Pre-Training 3D Point Cloud Transformers with Masked Point Modeling

Overview

Point-BERT: Pre-Training 3D Point Cloud Transformers with Masked Point Modeling

Created by Xumin Yu*, Lulu Tang*, Yongming Rao*, Tiejun Huang, Jie Zhou, Jiwen Lu

[arXiv] [Project Page] [Models]

This repository contains PyTorch implementation for Point-BERT:Pre-Training 3D Point Cloud Transformers with Masked Point Modeling.

Point-BERT is a new paradigm for learning Transformers to generalize the concept of BERT onto 3D point cloud. Inspired by BERT, we devise a Masked Point Modeling (MPM) task to pre-train point cloud Transformers. Specifically, we first divide a point cloud into several local patches, and a point cloud Tokenizer is devised via a discrete Variational AutoEncoder (dVAE) to generate discrete point tokens containing meaningful local information. Then, we randomly mask some patches of input point clouds and feed them into the backbone Transformer. The pre-training objective is to recover the original point tokens at the masked locations under the supervision of point tokens obtained by the Tokenizer.

intro

Pretrained Models

model dataset config url
dVAE ShapeNet config Tsinghua Cloud / BaiDuYun(code:26d3)
Point-BERT ShapeNet config Tsinghua Cloud / BaiDuYun(code:jvtg)
model dataset Acc. Acc. (vote) config url
Transformer ModelNet 92.67 93.24 config Tsinghua Cloud / BaiDuYun(code:tqow)
Transformer ModelNet 92.91 93.48 config Tsinghua Cloud / BaiDuYun(code:tcin)
Transformer ModelNet 93.19 93.76 config Tsinghua Cloud / BaiDuYun(code:k343)
Transformer ScanObjectNN 88.12 -- config Tsinghua Cloud / BaiDuYun(code:f0km)
Transformer ScanObjectNN 87.43 -- config Tsinghua Cloud / BaiDuYun(code:k3cb)
Transformer ScanObjectNN 83.07 -- config Tsinghua Cloud / BaiDuYun(code:rxsw)

Usage

Requirements

  • PyTorch >= 1.7.0
  • python >= 3.7
  • CUDA >= 9.0
  • GCC >= 4.9
  • torchvision
  • timm
  • open3d
  • tensorboardX
pip install -r requirements.txt

Building Pytorch Extensions for Chamfer Distance, PointNet++ and kNN

NOTE: PyTorch >= 1.7 and GCC >= 4.9 are required.

# Chamfer Distance
bash install.sh
# PointNet++
pip install "git+git://github.com/erikwijmans/Pointnet2_PyTorch.git#egg=pointnet2_ops&subdirectory=pointnet2_ops_lib"
# GPU kNN
pip install --upgrade https://github.com/unlimblue/KNN_CUDA/releases/download/0.2/KNN_CUDA-0.2-py3-none-any.whl

Dataset

We use ShapeNet for the training of dVAE and the pre-training of Point-BERT models. And finetuning the Point-BERT models on ModelNet, ScanObjectNN, ShapeNetPart

The details of used datasets can be found in DATASET.md.

dVAE

To train a dVAE by yourself, simply run:

bash scripts/train.sh <GPU_IDS>\
    --config cfgs/ShapeNet55_models/dvae.yaml \
    --exp_name <name>

Visualize the reconstruction results of a pre-trained dVAE, run: (default path: ./vis)
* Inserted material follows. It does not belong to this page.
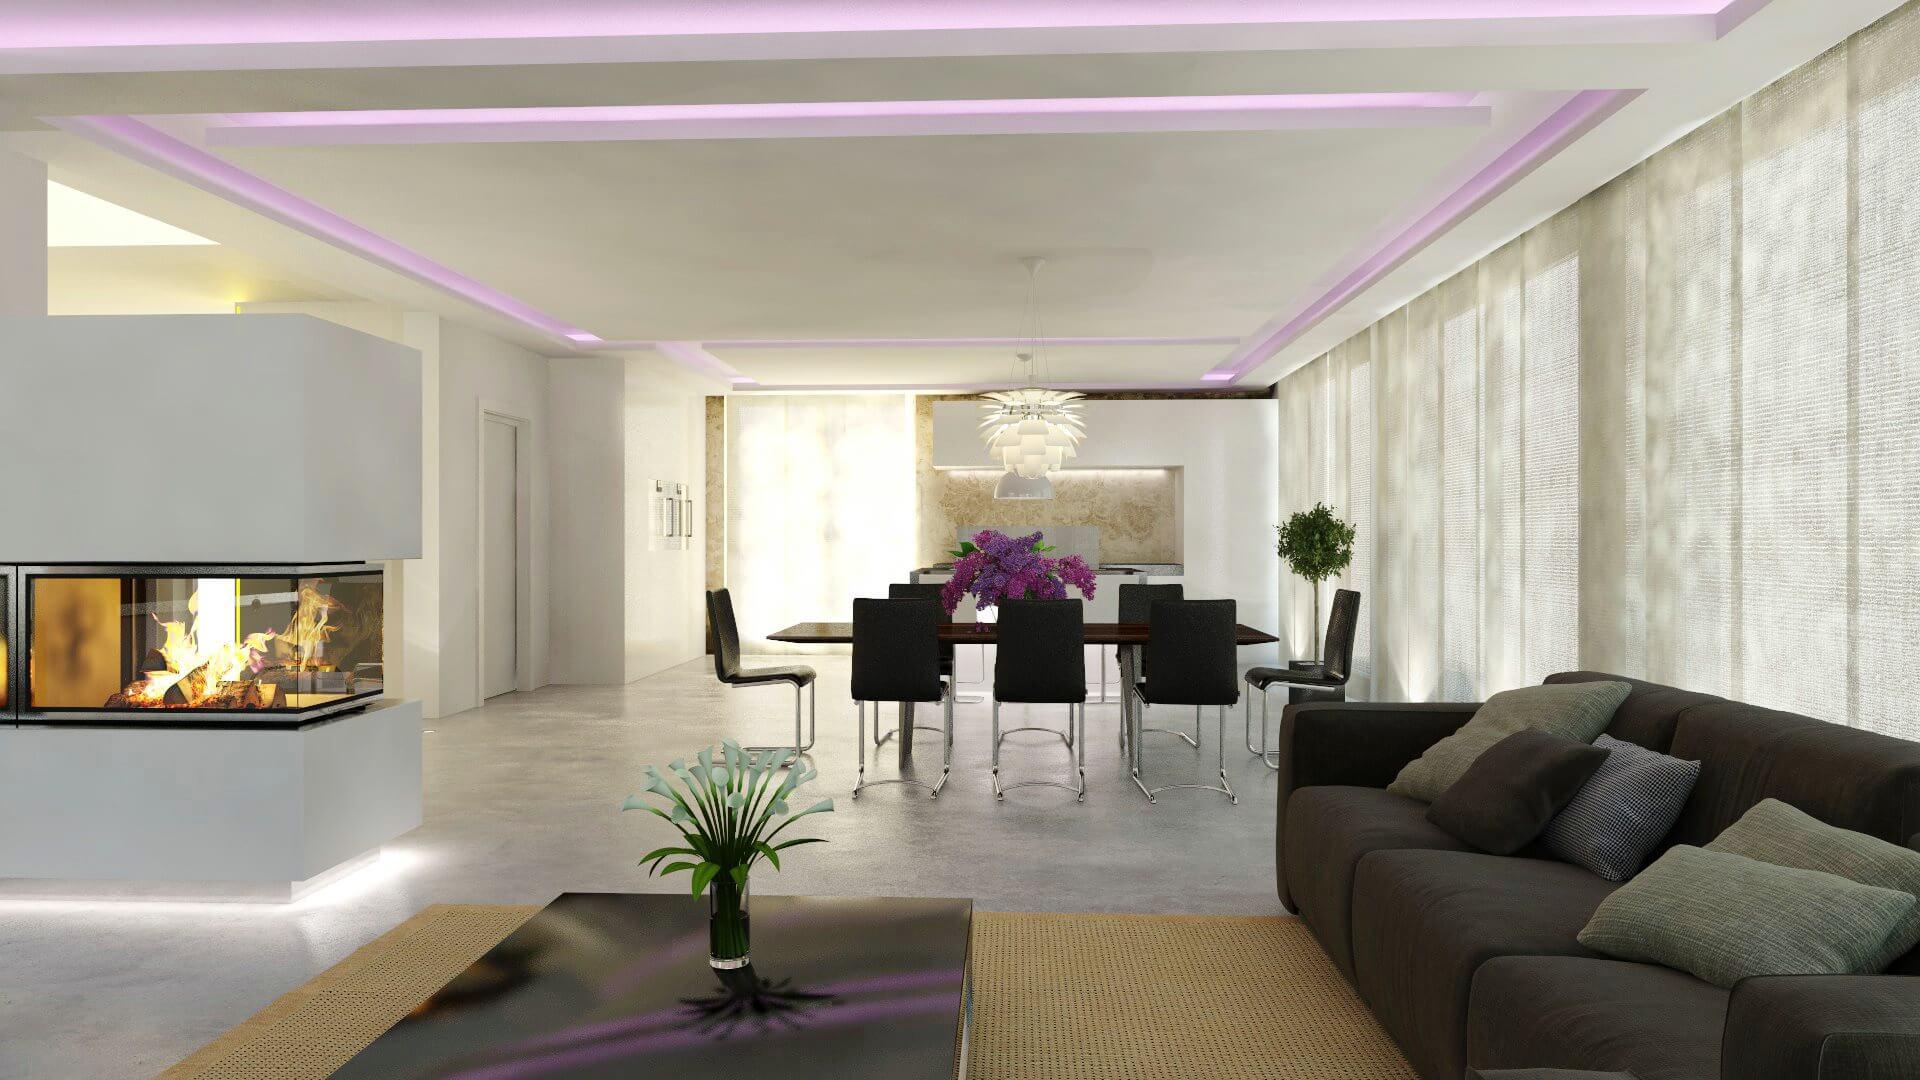 lichtdesigner torsten m ller bringt magie in ihren raum f r alle sinne. Black Bedroom Furniture Sets. Home Design Ideas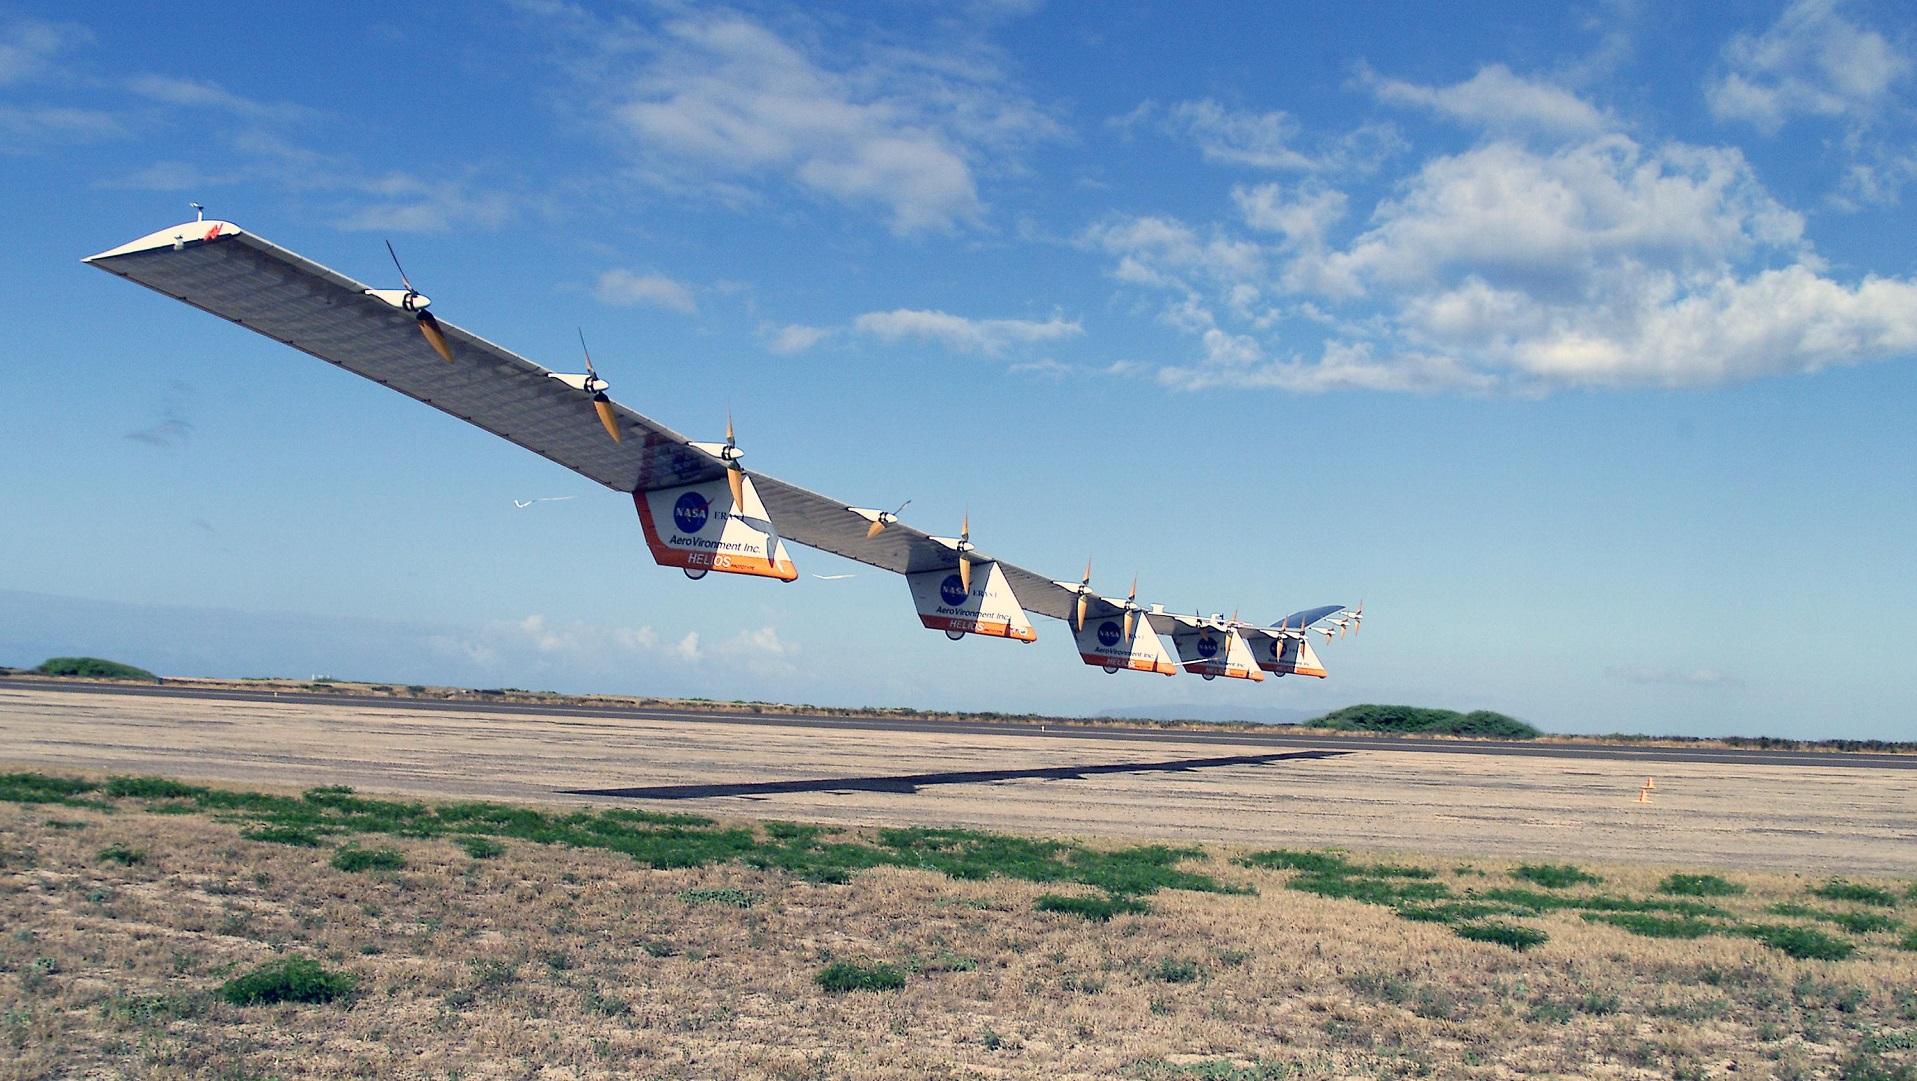 La NASA desarrolla un dron solar para conectar el espacio

bash ./scripts/test.sh <GPU_IDS> \
    --ckpts <path>\
    --config cfgs/ShapeNet55_models/dvae.yaml\
    --exp_name <name>

Point-BERT pre-training

To pre-train the Point-BERT models on ShapeNet, simply run: (complete the ckpt in cfgs/Mixup_models/Point-BERT.yaml first )

bash ./scripts/dist_train_BERT.sh <NUM_GPU> <port>\
    --config cfgs/Mixup_models/Point-BERT.yaml \
    --exp_name pointBERT_pretrain 
    [--val_freq 10]

val_freq controls the frequence to evaluate the Transformer on ModelNet40 with LinearSVM.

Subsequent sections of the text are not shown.